I left it at that. I had to. And I walked away to pack.
* * * * *
“You’ve got a nerve,” Pete’s Mom, LeeAnne, said in my ear.
“LeeAnne –”
“I’m not giving you his number, you bitch.”
“This is important.”
“Nothin’s that important.”
“Someone’s dead.”
LeeAnne fell silent and I lifted my gaze to Meems and Jessie who were both crunched into Meems’s back office at the Coffee House. Both of them were watching me, both of them looking pissed and harassed, both of them knowing what this cost me and both of them wishing they could pay the toll instead of me.

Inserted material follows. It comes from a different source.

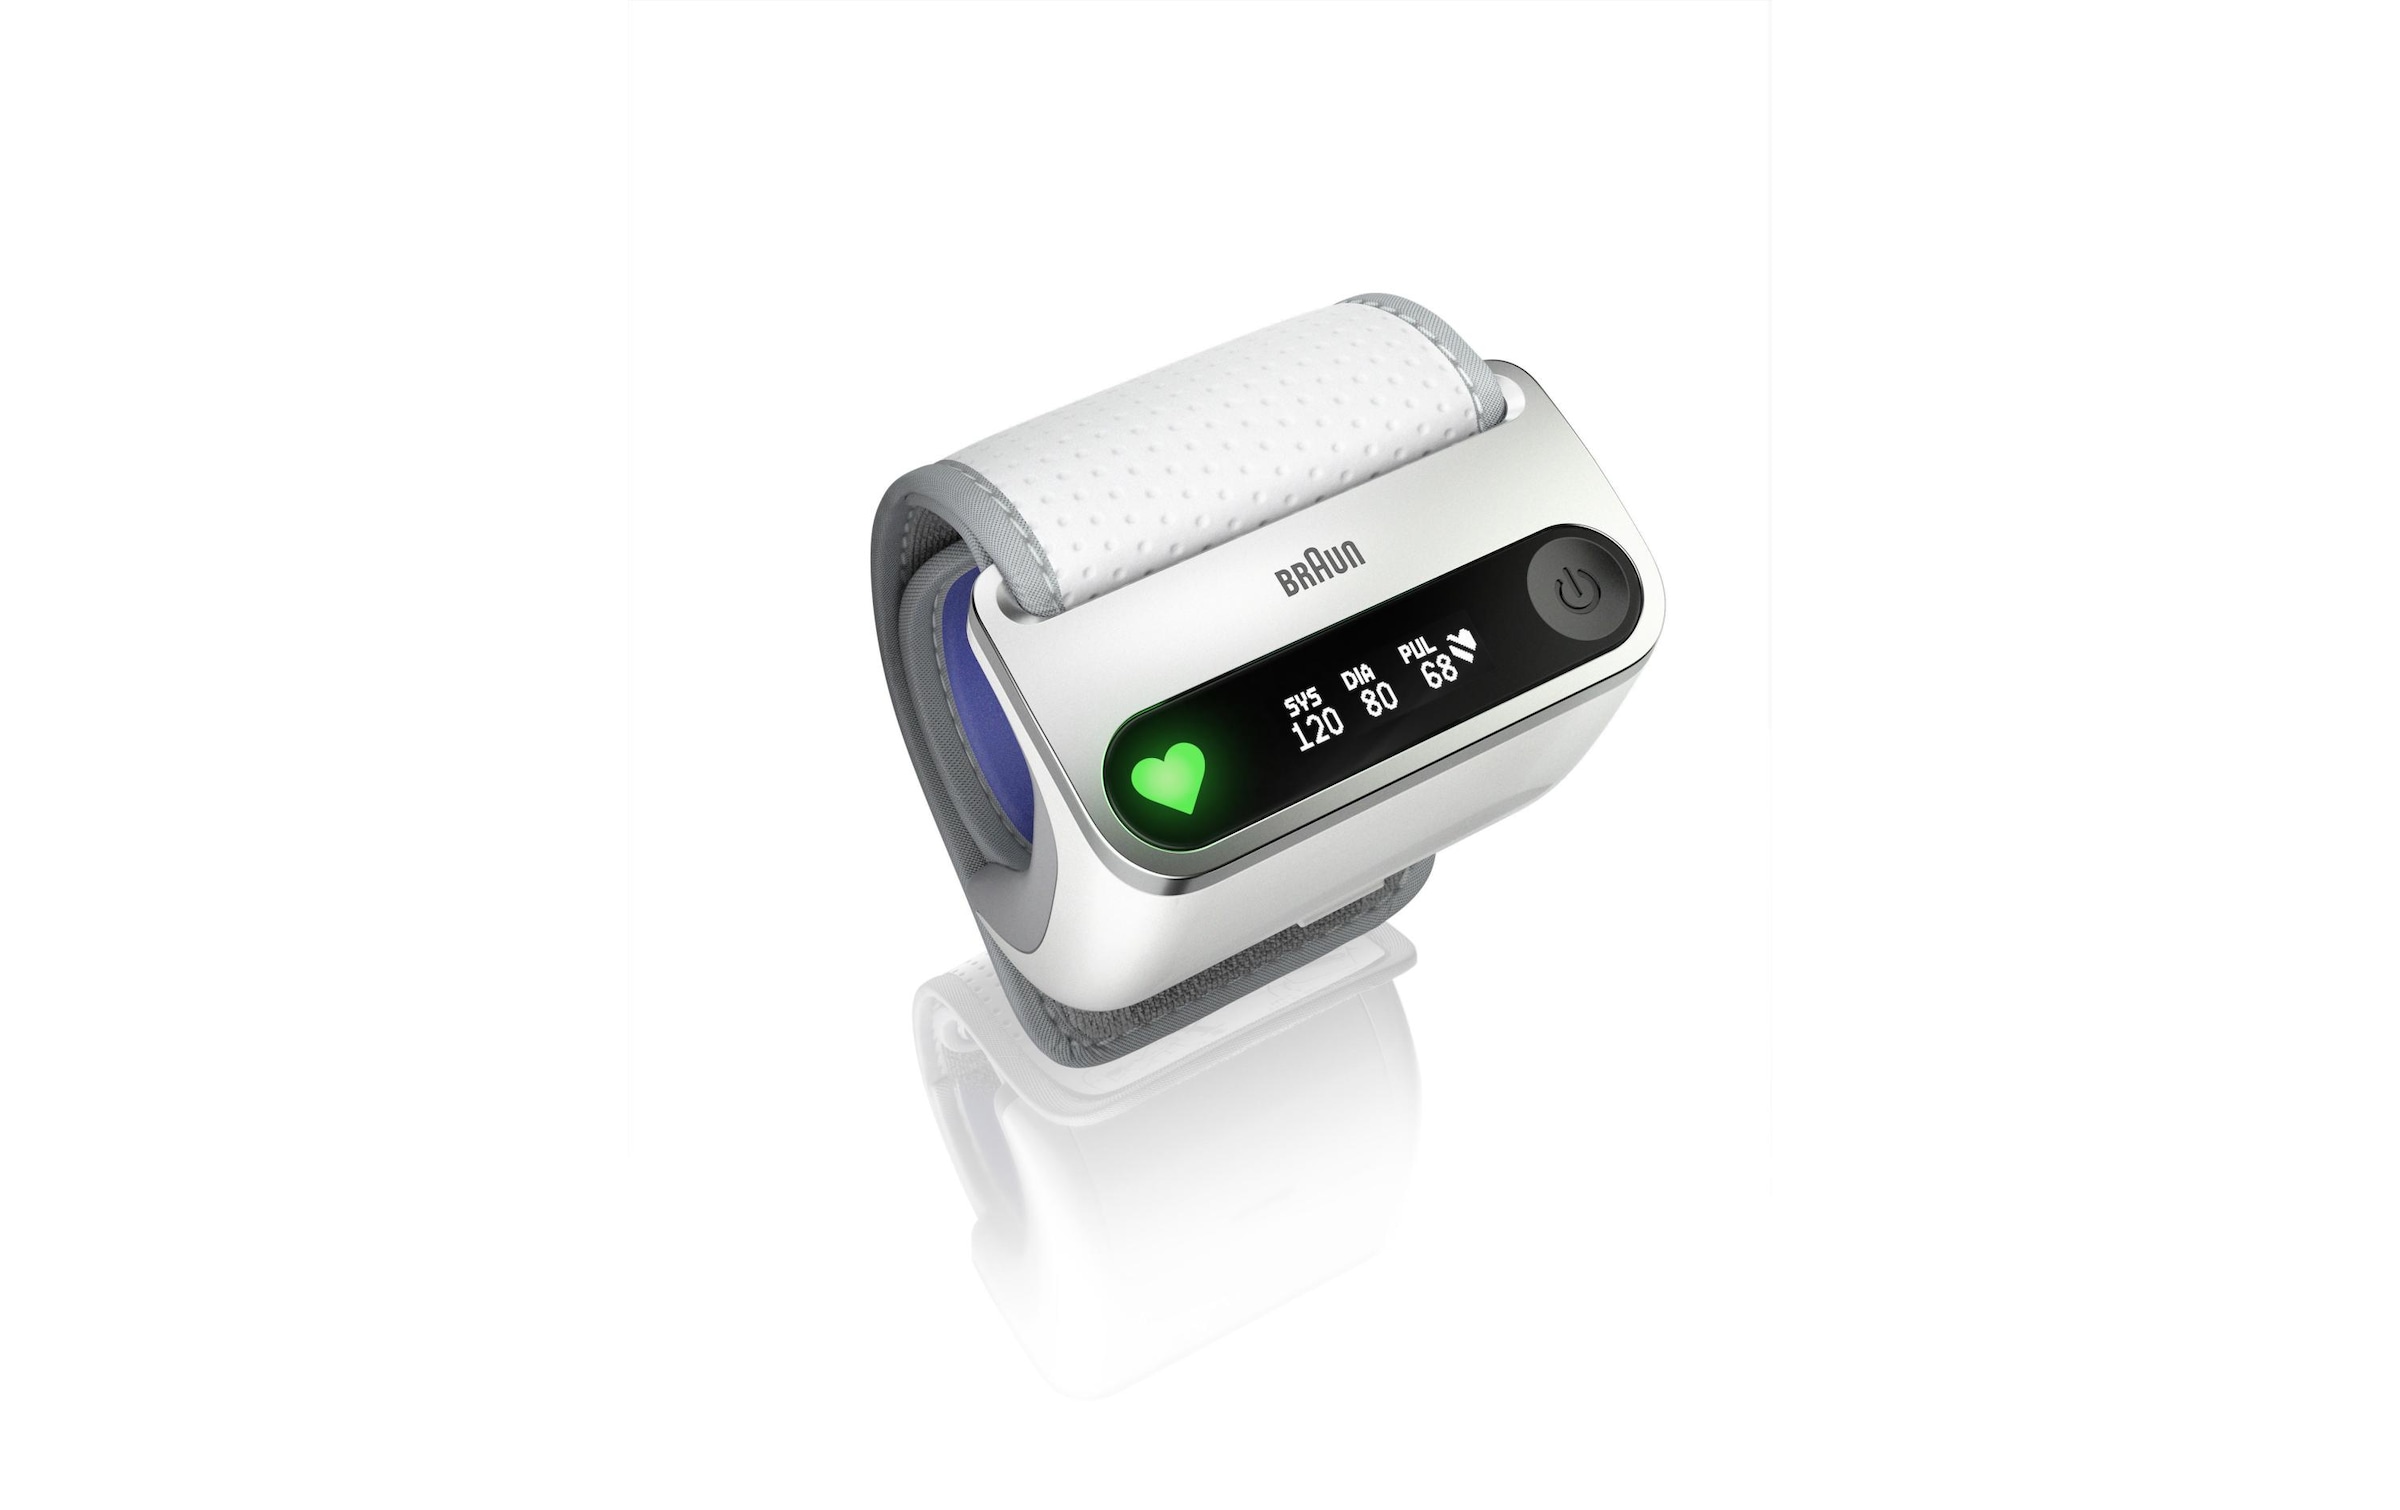 Braun Handgelenk-Blutdruckmessgerät »iCheck 7«, Abschaltautomatik, Arrhythmie-Erkennung, Messergebnis-Einstufung

“Her name is Angie. Evidence came out last night that she was murdered because of something that happened between her and me. There’s a possibility that anyone who…” Christ, how did I say this? LeeAnne was a bitch, the worst mother-in-law in history, but still, good manners prevented me from saying it straight out. “Anyway, anyone who didn’t get along with me might be in danger.”
“You’re poison,” LeeAnne spat, “always were.”
I didn’t get that, even from LeeAnne. She was a bitch but she’d seen me in the hospital and she knew her son did that to me.
She knew it wasn’t me who beat the shit out of Pete. It wasn’t me who came home that f**king, shitty, awful night and attacked me far worse than any of the times before. Times which could be brushed away as too much drink or what Pete called “our passionate but volatile relationship” (I thought it wasn’t much the first and too much of the last). It wasn’t me who tried to rape me, who I had to fight back, scared silly, losing the fight, only somehow to escape and drive over to Morrie’s house.
It was just me who happened to pick a time when Alec was at Morrie’s. And it was me who was battered, bloodied, my clothes torn, barely able to hold myself up, having performed a miracle by driving myself there in one piece at all. And it was me who Alec took one look at, turned to Morrie and said, “You see to her, I’ll see to him.” And it was for me that Alec drove straight to my house and nearly beat the life out of my husband.
“Please, LeeAnne, give me his number,” I said.
“Still can’t see right out of his left eye, my boy,” she countered.
I didn’t doubt this was true. Alec did a number on him. Detached retina, amongst other things.
It wasn’t more than he deserved. He’d done a number on me. We were both in the hospital at the same time.
I got out earlier.
Pete got out and left town. He didn’t press charges. This was likely due to Morrie, Dad and a variety of other townsfolk making this Pete’s only option.
I wasn’t going to say I was sorry.
I was sorry. Very sorry. So sorry it had seeped into my soul. But not sorry for Pete Hollister.
Having had a very long time to look back, Pete had always been an ass**le. But he’d been a good-looking one. Not as good-looking as Alec but with Alec lost to me, Pete would do. And I needed someone. Someone to fill the hole Alec left. No, it wasn’t a hole. It was a wound. I couldn’t close the wound so I needed someone to numb the pain. Or take my mind off it. Pete did that, he was good at it. He delivered his own brand of pain in order to succeed wildly in this endeavor.
What I was sorry about was the fact that Alec hurt Pete and I knew he’d hate himself for doing it instead of hating me. And I was sorry that I put him in that position. It was the only one he had, he and Morrie had been looking after me so long they didn’t know how to do anything different even if things had changed between Alec and me. And I was sorry that he saw me the way he did, beaten, not his February, never to be his February again. She was gone like he told me the Alec he was once was gone. Pete had beaten her out of me. I answered to my name but I didn’t know who February was any longer. I’d spent nearly two decades trying to figure it out but never could. The only thing I knew was she wasn’t the girl I used to be.